2. Find value in what you do
To some degree, I needed those constant reminders that I was pretty because I had nothing else to cling to. I didn’t have a purpose if you will. Finding value in the activities you like and the work you do is an essential part of loving yourself. Learning how to value your talent and recognize that you are needed not only helps with your self-esteem but can make you learn new things about yourself too.
3. Allow yourself to grow
You may think you’re attention seeking behavior is who you are at your core as I did. But allow yourself to grow as you explore the other sides of yourself that are positive. If you like to make cakes, then experiment with baking and study baking practices. Allow yourself to have new experiences and even make mistakes once and awhile. Just because you like attention doesn’t mean that’s who you are.

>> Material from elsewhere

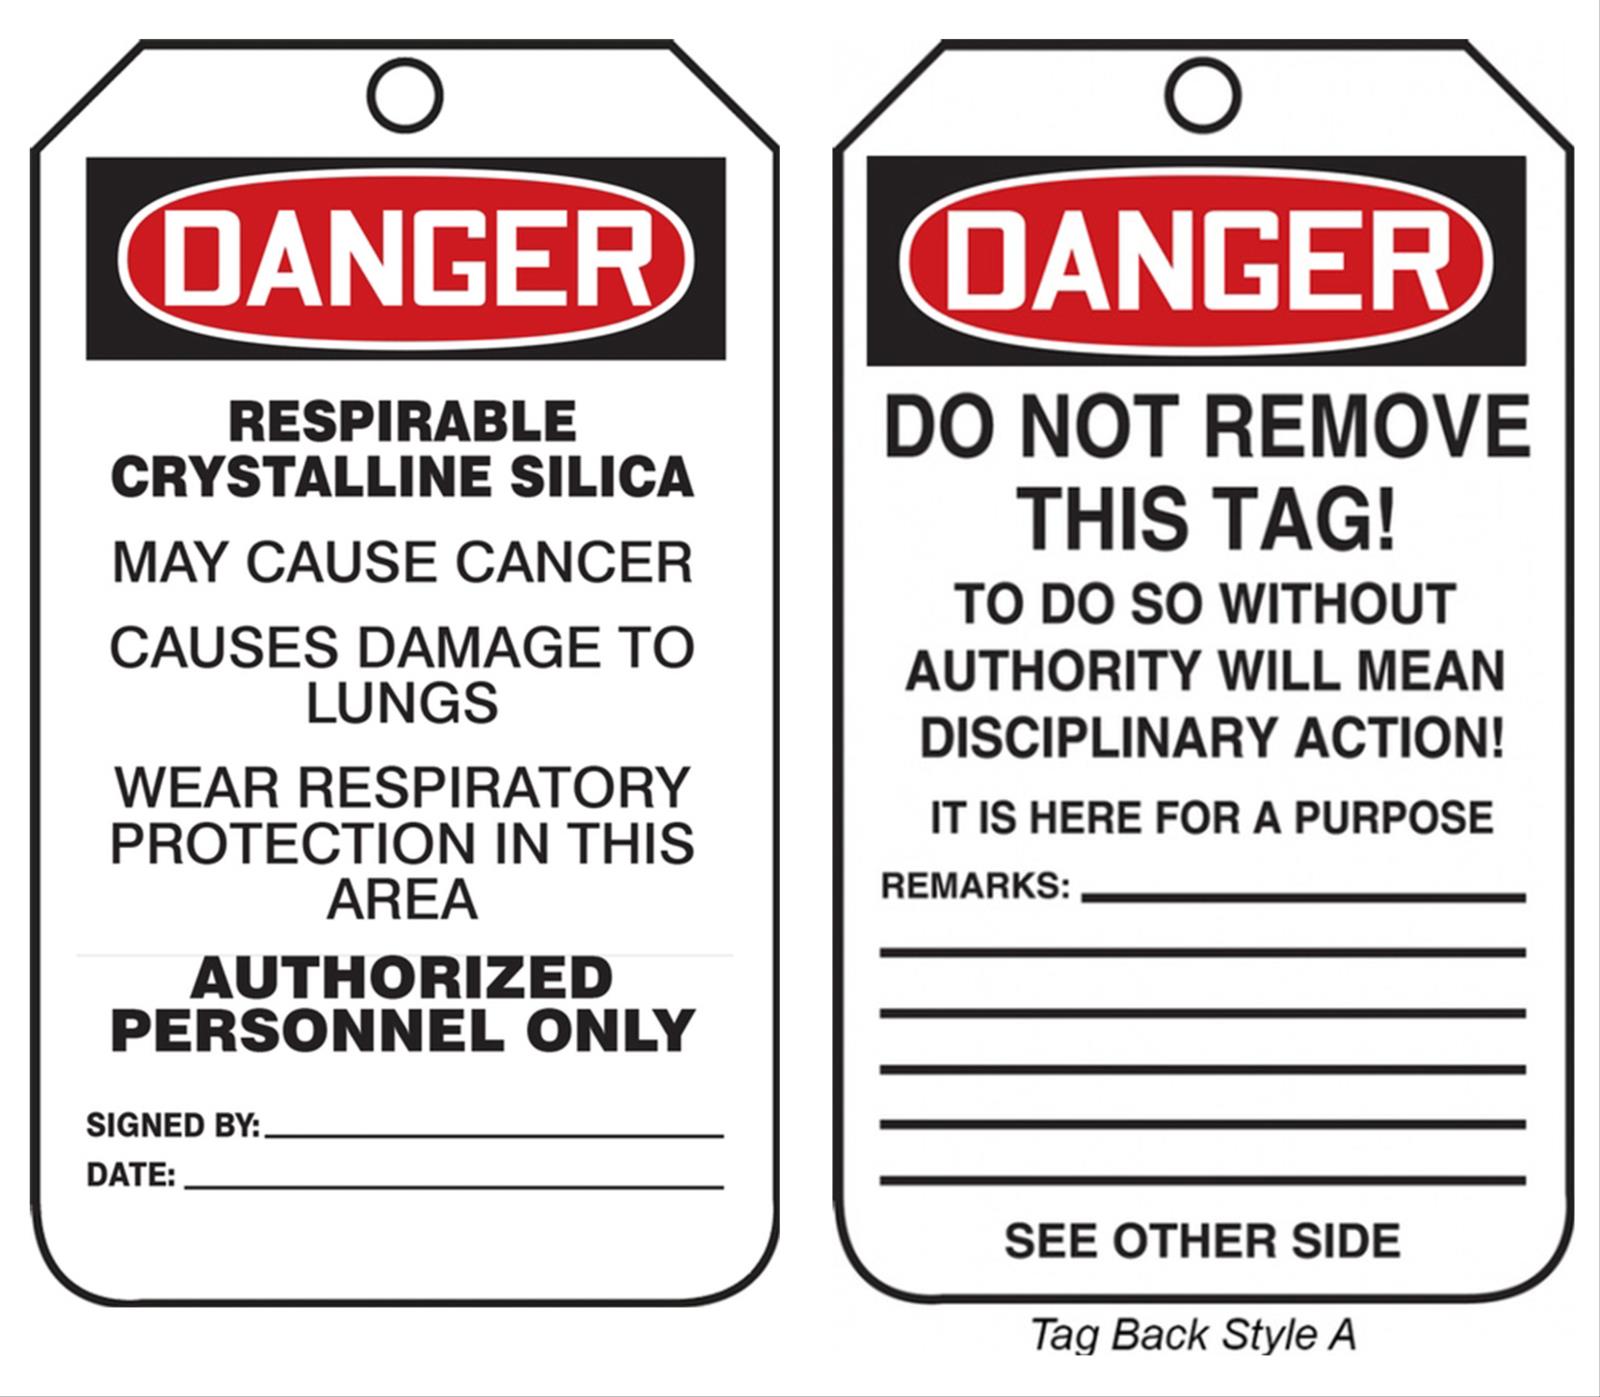 Safety Products Inc - OSHA Danger Safety Tags, Respirable ...
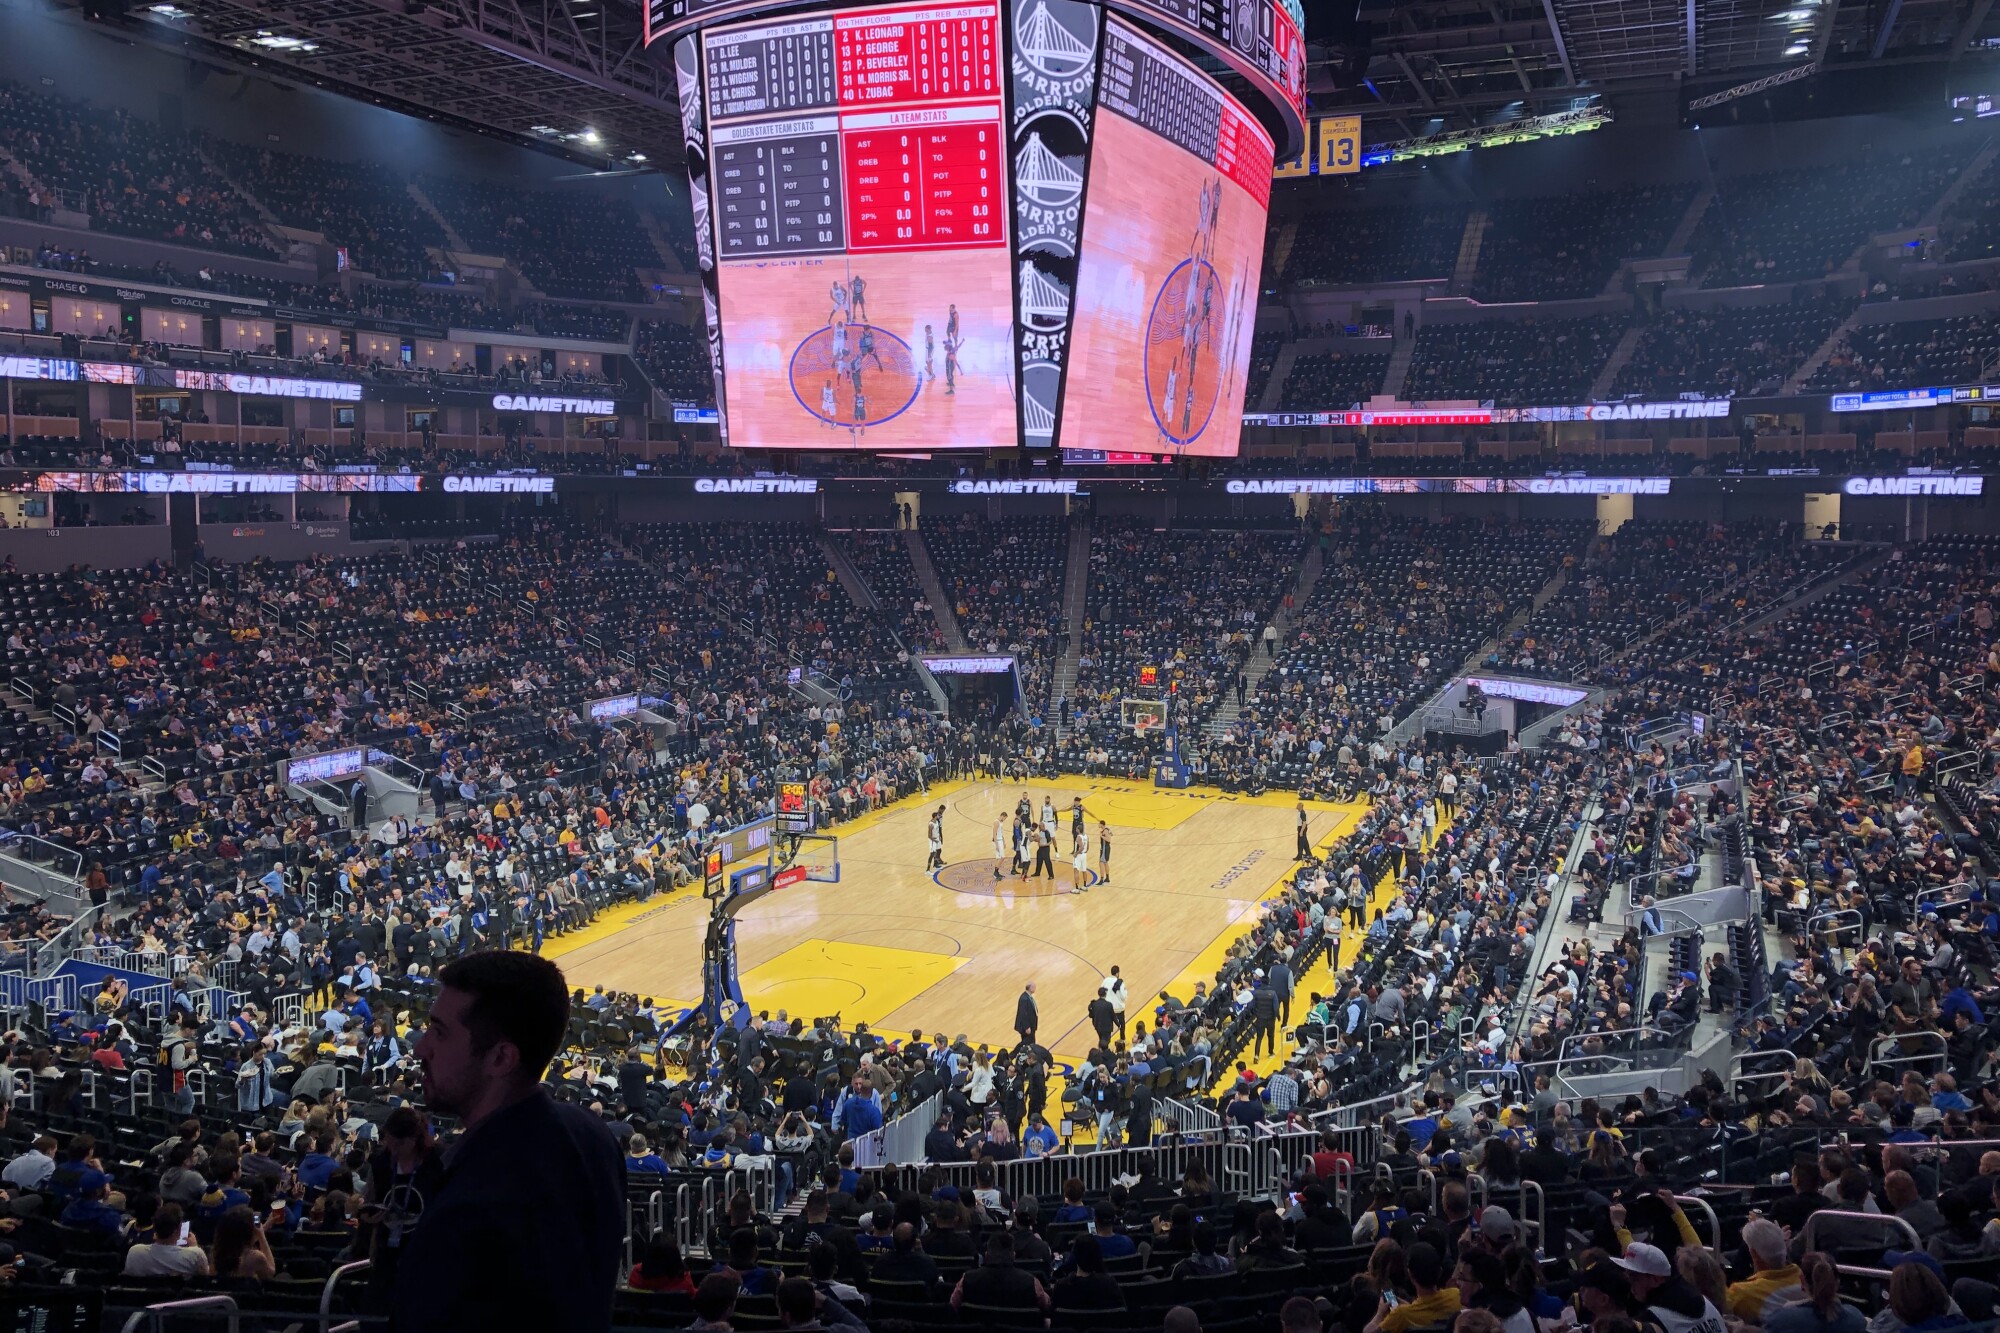 The Clippers play the Golden State Warriors in a half-full Chase Center on March 10, 2020.

4. Be honest with yourself
After a year with minimal attention from guys, I sat down and took a hard look at myself. Did I like who I had become? Was I better off without the attention of guys? The answer was yes. It’s important, to be honest with yourself about what is good and bad for your mental health. Just because something feels good doesn’t mean that it’s good for the right reasons. Be honest with yourself for why you like the feeling of attention or why you like to be without it.
5. Love who you are
Even at my highest points, I’ve come to understand that loving myself is a journey. No one can give you the answer or a special code to suddenly spin around and start loving yourself. Instead, sometimes, you need to reflect, forgive, and move forward. Other times you just need to find what you’re looking for whether it be in yourself or in life. Loving yourself takes time. But it’s important to remember to love yourself for the good and the bad: for the mistakes, for the failures, for the triumphs, and the wins. Love yourself for everything you are not just one part of you.
If you’ve experienced or are experiencing any type of attention-seeking behavior, understand that you are NOT alone.